(Records drawn from a dataset)
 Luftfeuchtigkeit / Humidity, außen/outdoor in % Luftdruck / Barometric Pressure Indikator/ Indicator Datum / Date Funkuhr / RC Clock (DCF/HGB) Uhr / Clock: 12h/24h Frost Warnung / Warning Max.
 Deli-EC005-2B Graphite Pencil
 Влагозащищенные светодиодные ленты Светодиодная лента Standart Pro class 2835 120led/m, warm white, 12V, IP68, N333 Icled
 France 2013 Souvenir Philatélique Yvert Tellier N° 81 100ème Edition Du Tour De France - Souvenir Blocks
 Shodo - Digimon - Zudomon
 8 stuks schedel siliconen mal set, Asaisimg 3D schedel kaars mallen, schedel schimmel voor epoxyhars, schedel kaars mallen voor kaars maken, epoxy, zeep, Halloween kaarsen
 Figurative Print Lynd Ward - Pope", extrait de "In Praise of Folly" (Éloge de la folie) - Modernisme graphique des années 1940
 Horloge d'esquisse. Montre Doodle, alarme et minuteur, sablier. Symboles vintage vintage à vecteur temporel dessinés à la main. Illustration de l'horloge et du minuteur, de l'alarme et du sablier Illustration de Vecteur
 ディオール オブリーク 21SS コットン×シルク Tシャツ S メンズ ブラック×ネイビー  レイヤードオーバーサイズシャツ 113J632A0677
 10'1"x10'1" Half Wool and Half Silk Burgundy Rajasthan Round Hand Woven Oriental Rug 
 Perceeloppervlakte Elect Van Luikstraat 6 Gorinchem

EXERCISE PROMPT =
In your answer, include only the lines above starting at the line that holds "France 2013 Souvenir" and ending at the line that holds "8 stuks schedel", copied exactly.

ANSWER BOX =
 France 2013 Souvenir Philatélique Yvert Tellier N° 81 100ème Edition Du Tour De France - Souvenir Blocks
 Shodo - Digimon - Zudomon
 8 stuks schedel siliconen mal set, Asaisimg 3D schedel kaars mallen, schedel schimmel voor epoxyhars, schedel kaars mallen voor kaars maken, epoxy, zeep, Halloween kaarsen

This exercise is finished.